> [DATA]
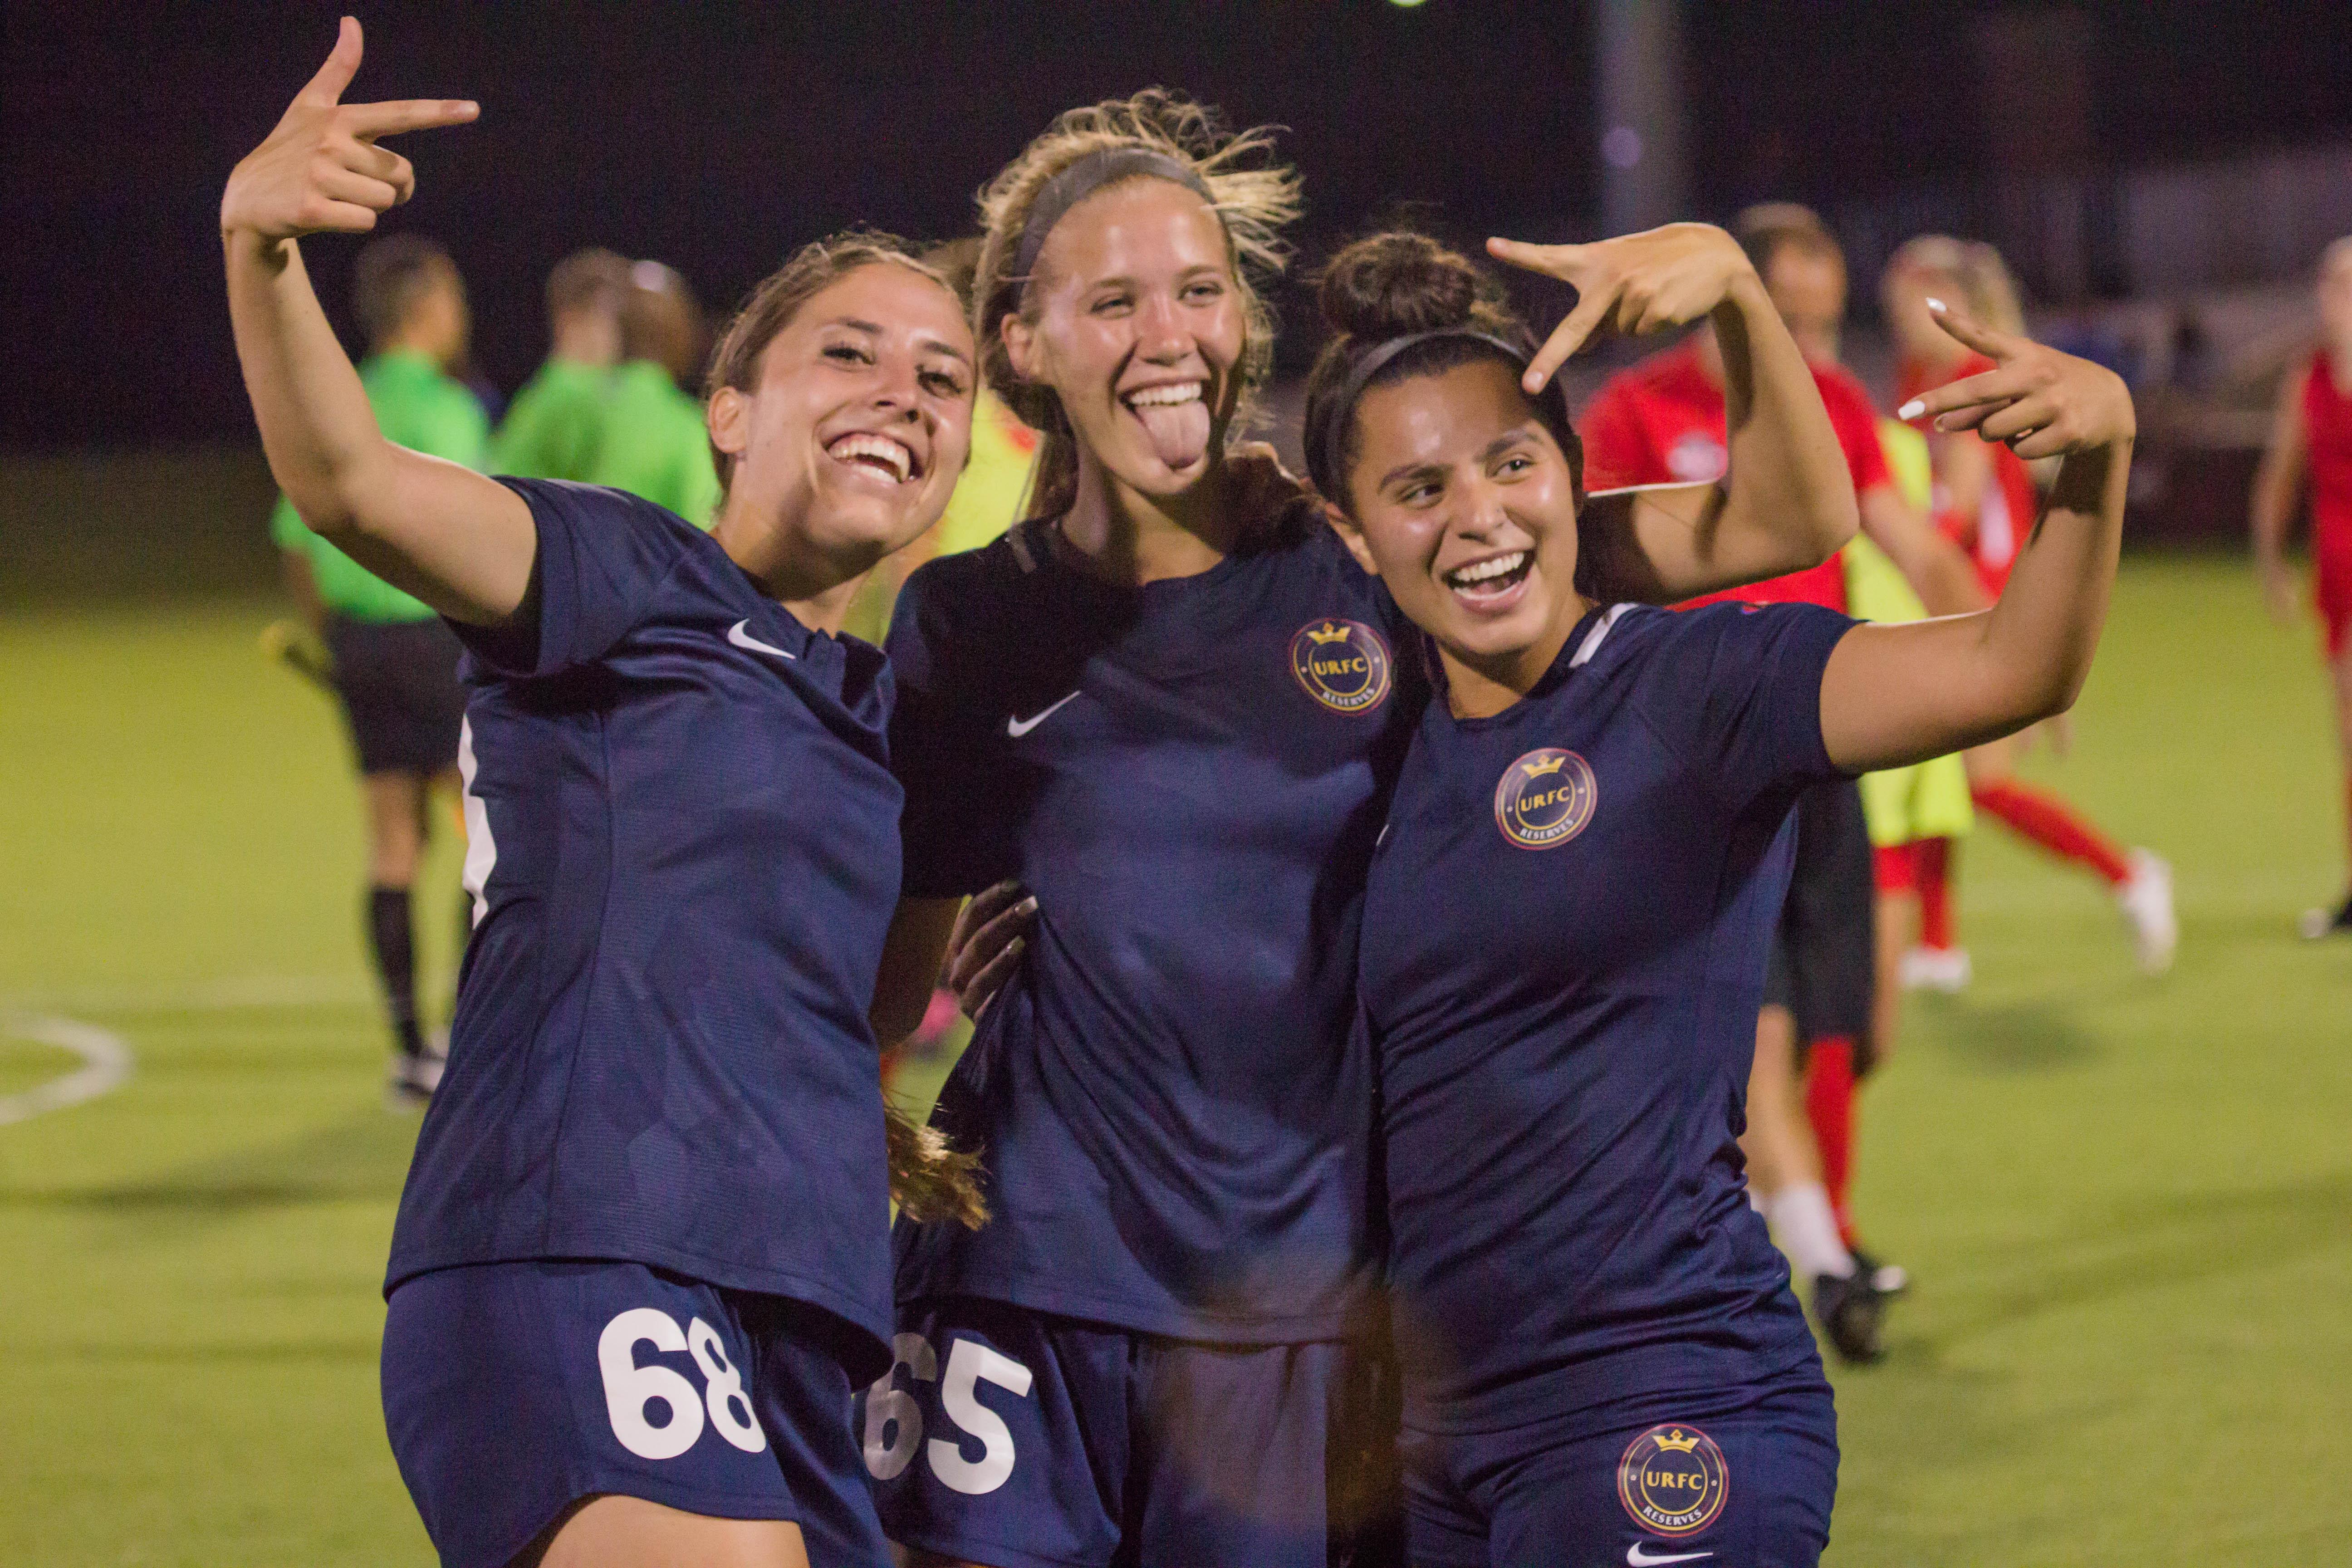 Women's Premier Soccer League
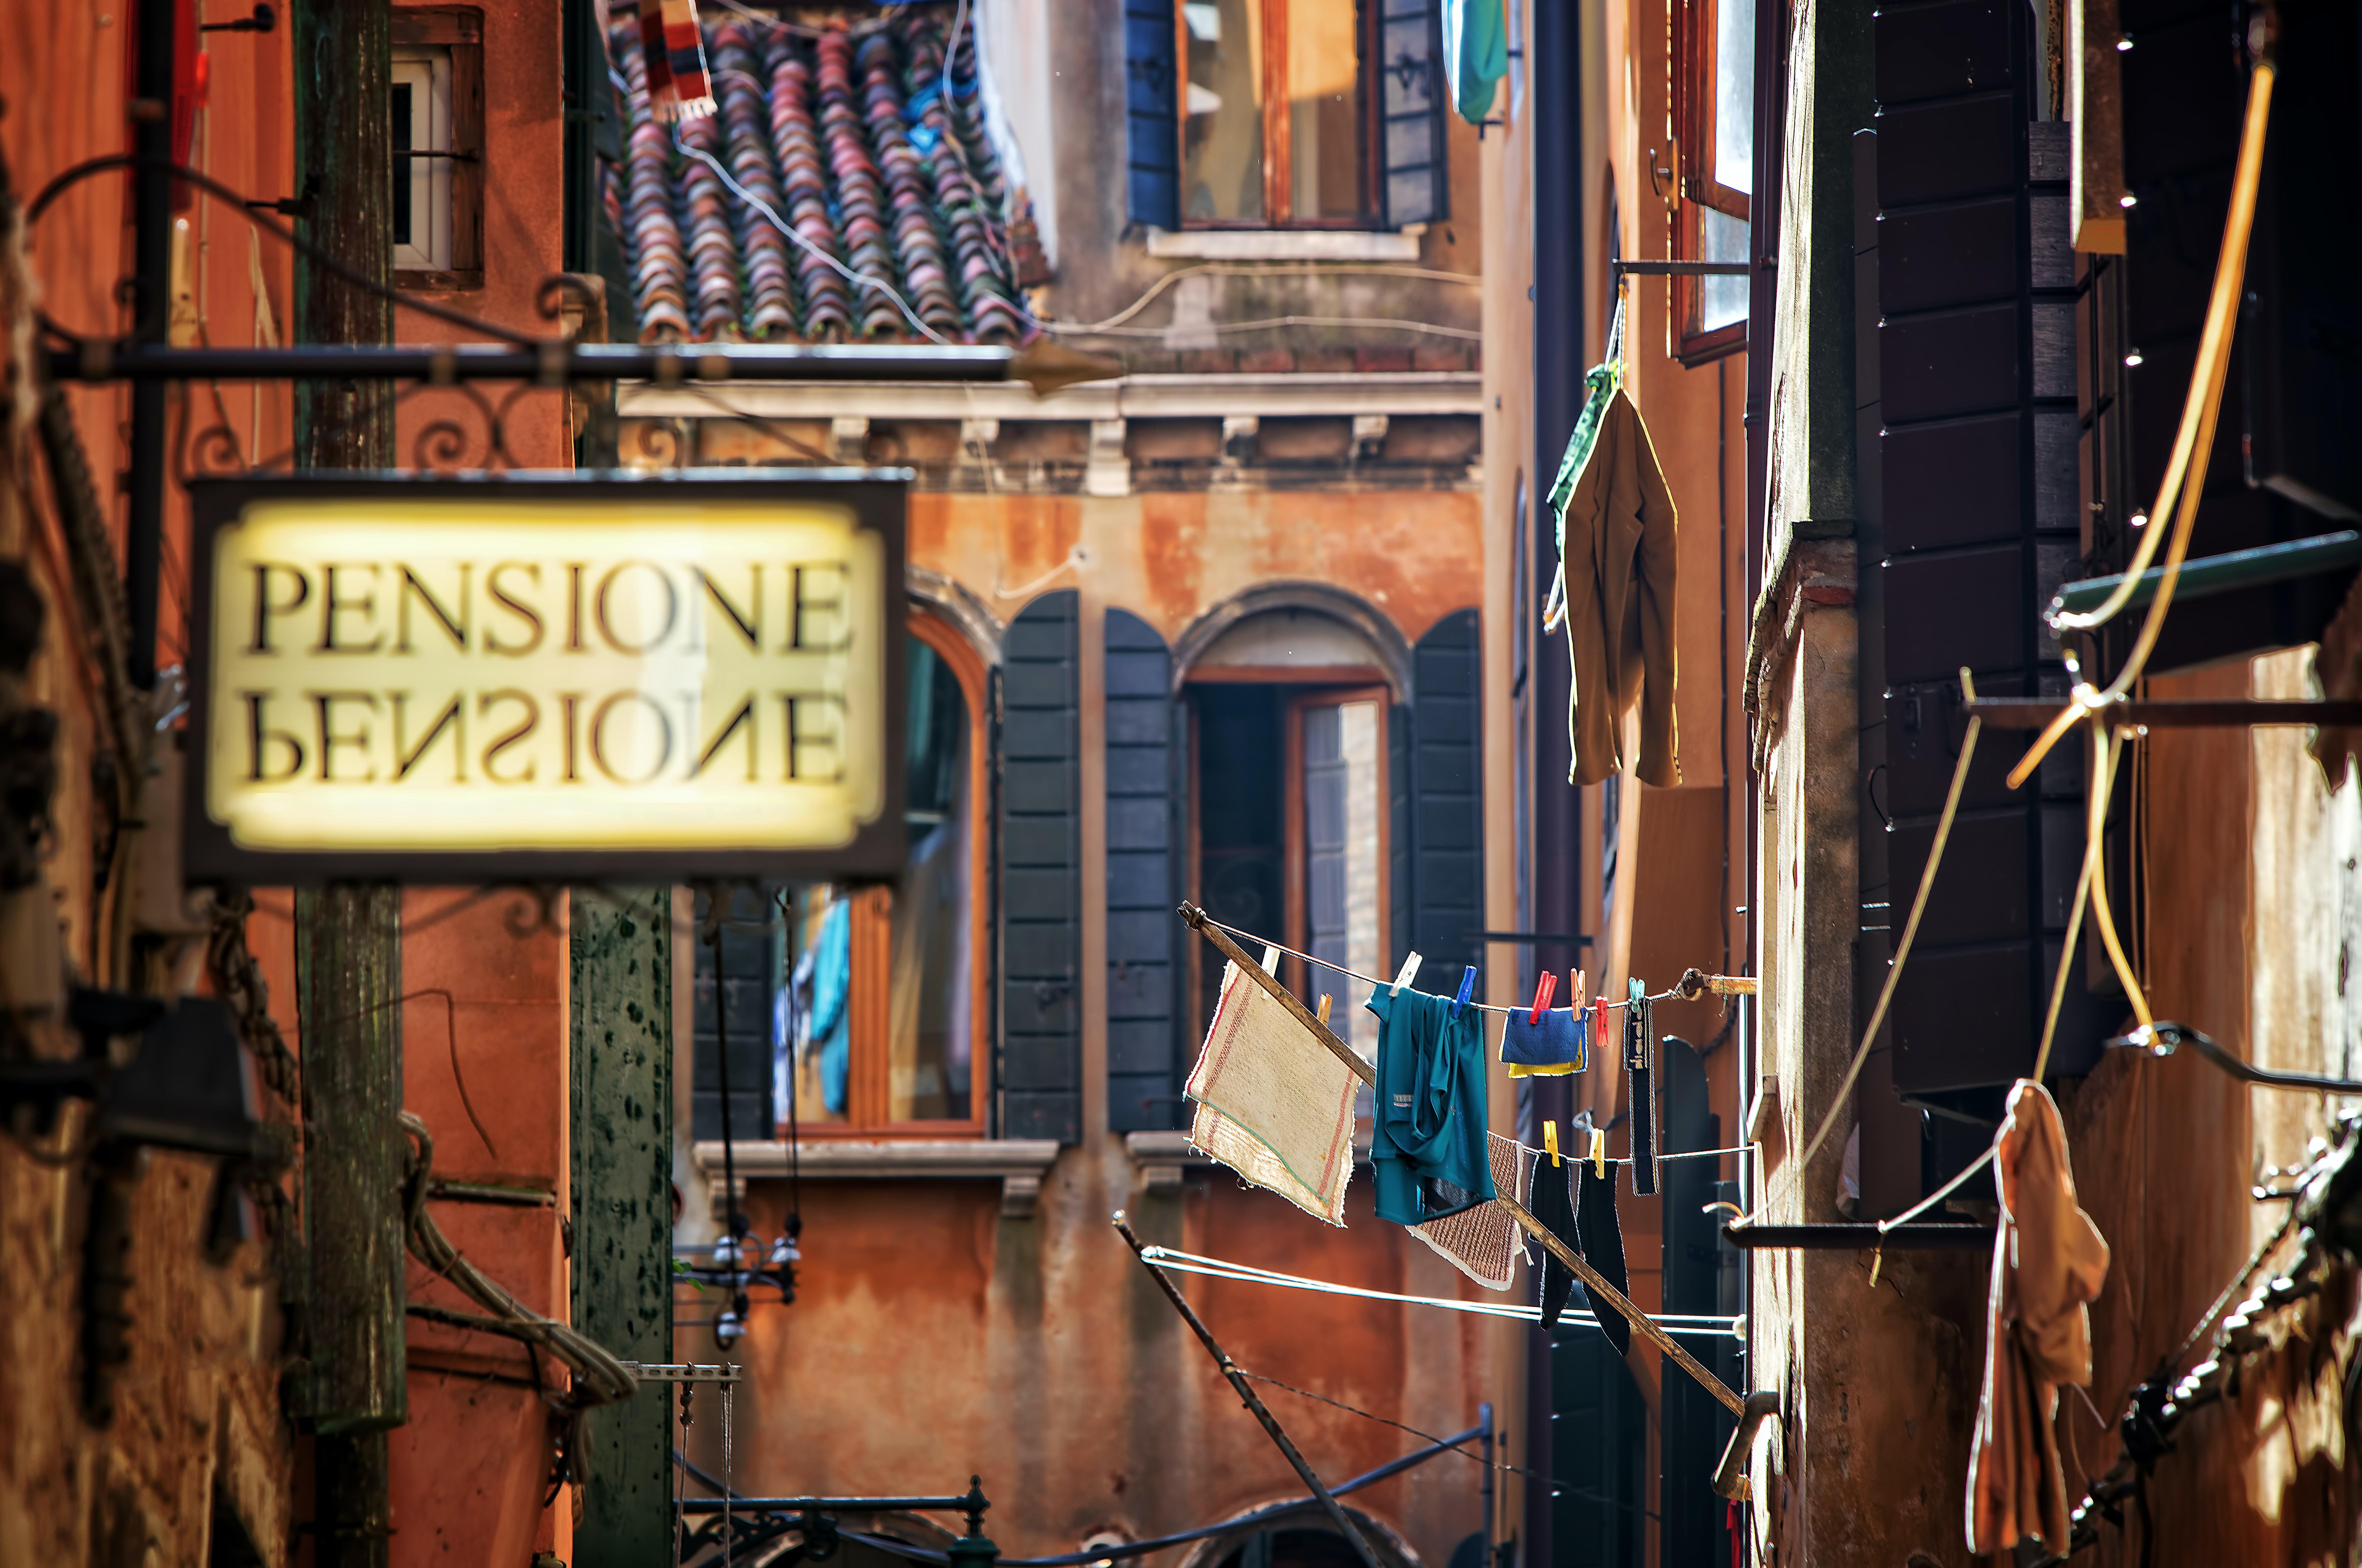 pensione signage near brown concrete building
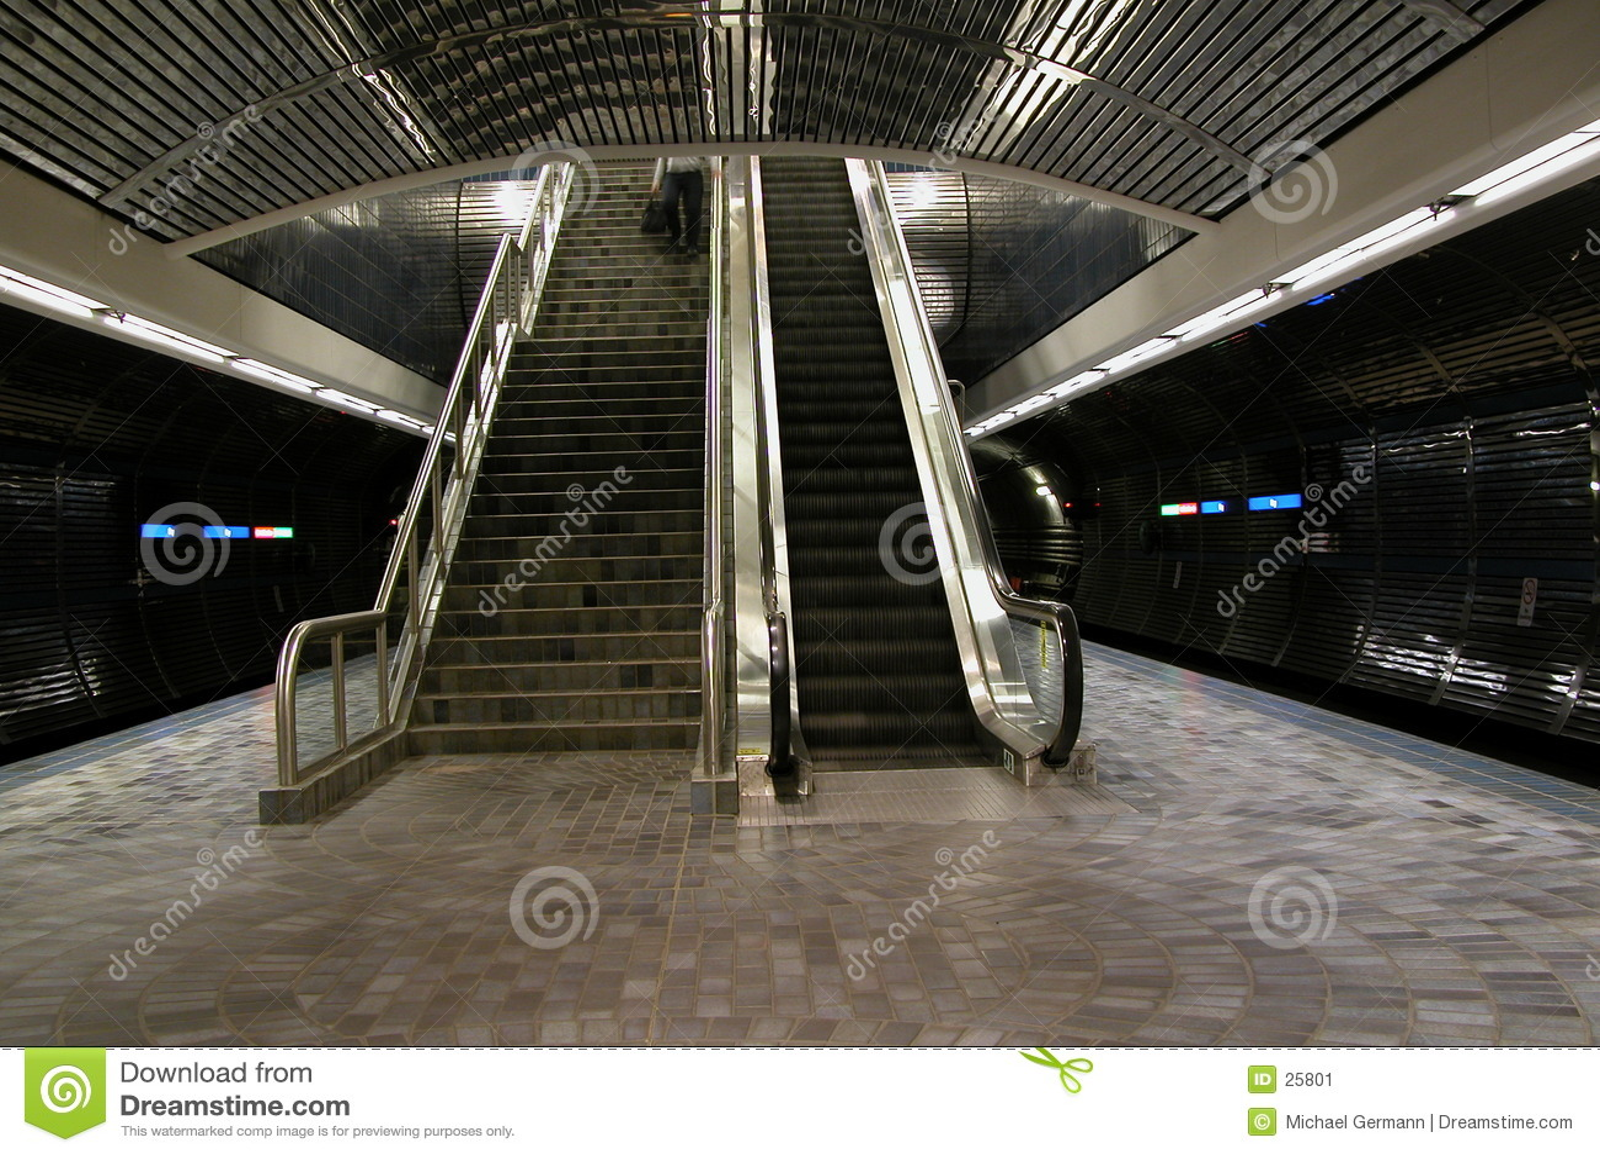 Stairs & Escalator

> [REQUIREMENT]
The material should be returned verbatim, with all images omitted.

> [ANSWER SPACE]
 Women's Premier Soccer League
 pensione signage near brown concrete building
 Stairs & Escalator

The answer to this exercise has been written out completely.